It there really is a Santa Clause-like thing going on here, or at least a bureaucratic procedure that at least one psychopomp must show up for each death, then that's more evidence that the migration to another planet to escape the ether is doomed. Each time someone dies there, a psychopomp will show up - all this stuff about hiding and not forming memories or even erasing them won't work unless it also takes the psychopomp into account.
I have to wonder if anyone in the Court hierarchy even knows about the psychopomps. Clearly many etheric entities do - it seemed like common knowledge among high-powered ones like Coyote and low-powered ones like Mort. I can't think of any time that a Court person, like someone not in the Annie/Kat orbit, has ever mentioned them in any context. Mort knew Muut was an important guy - is that because "everyone knows that" or maybe "anyone attached to death knows that" or what?
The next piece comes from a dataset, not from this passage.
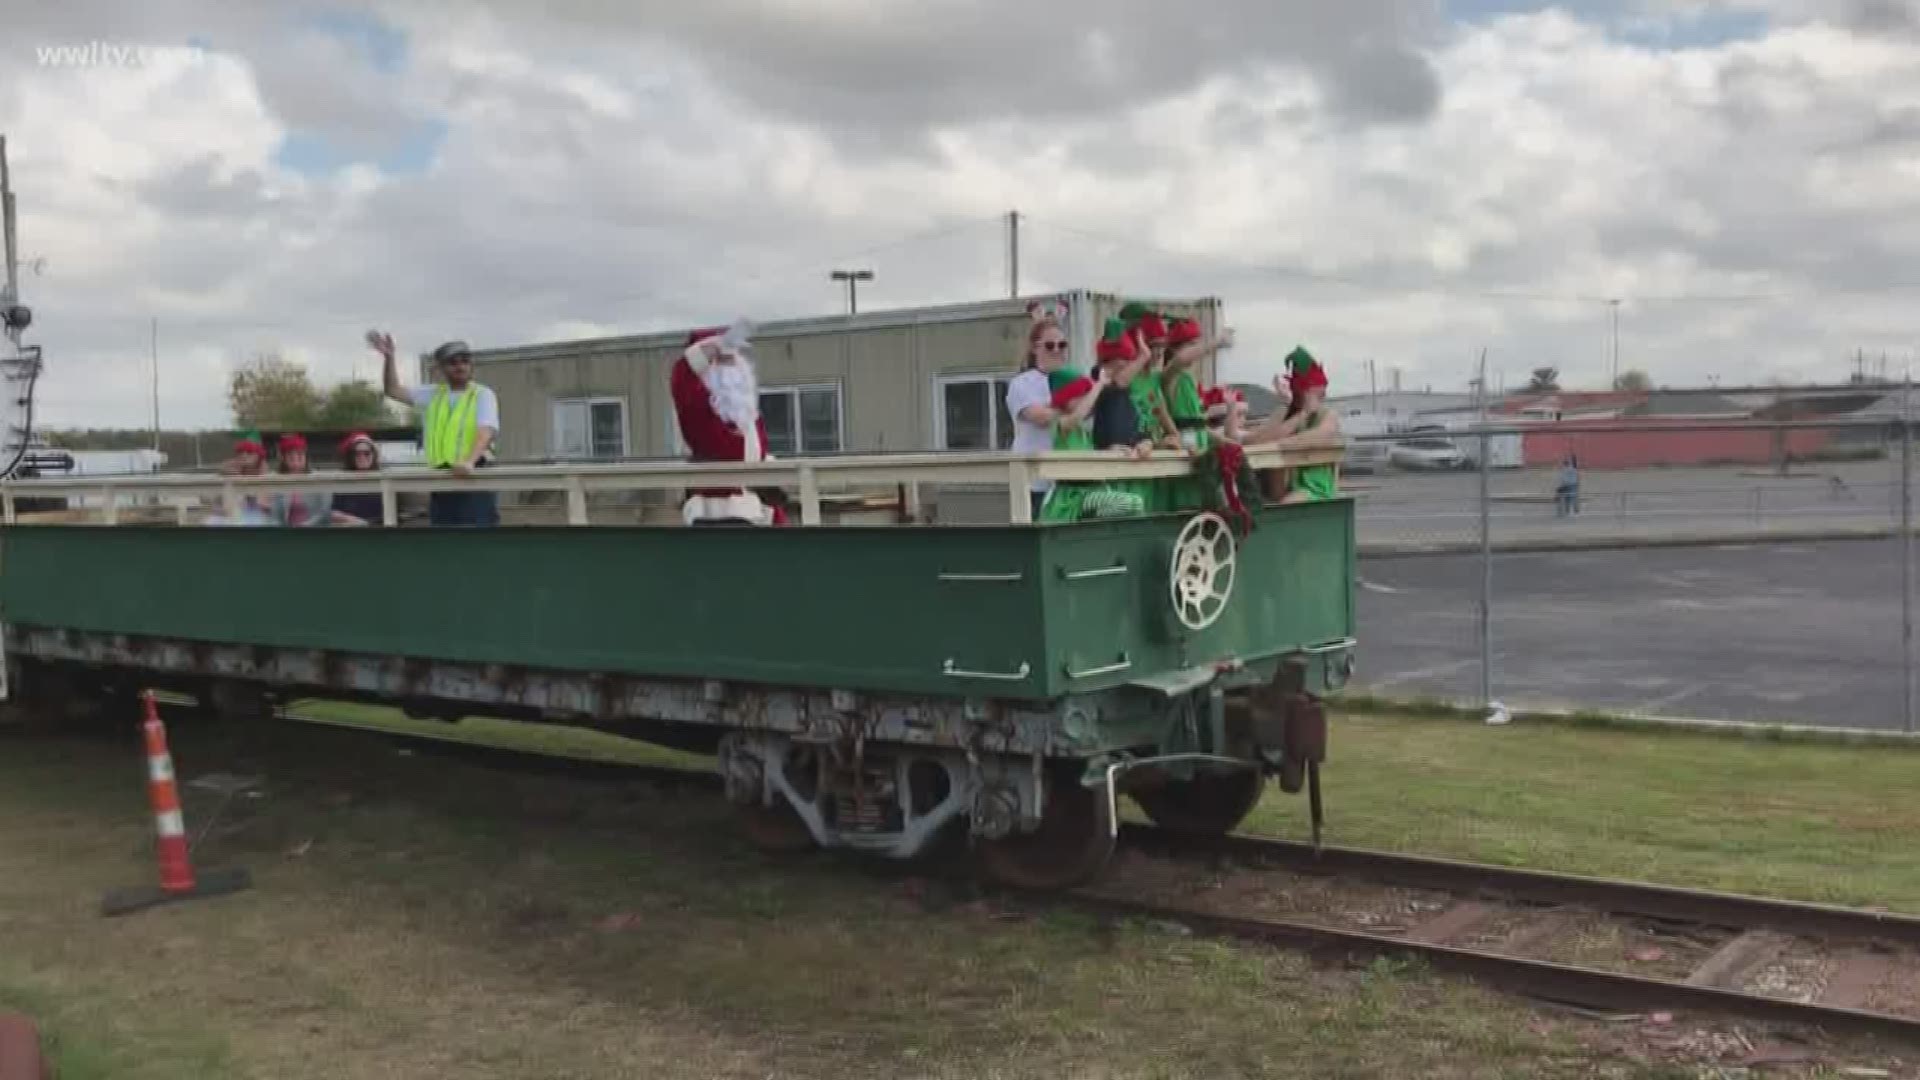 The Louisiana Steam Train Association is sponsoring Papa Noel's Holiday Train Ride on Saturday, Dec. 14. More info: LASTA.org/santa2019.

Like, does Aata know the psychopomps exist? Do the shadow men in general? They basically treat the ether purely as a power source but there are many different entities who are involved with the current etheric status quo.
Agree that we don't really understand this stuff that well either. We have no way to know whether the court knows what we know. Maybe they know more than is obvious, thanks to their surveillance teams, but again, they seem to treat it in a very mechanical manner and do not engage with the many entities (that we've seen).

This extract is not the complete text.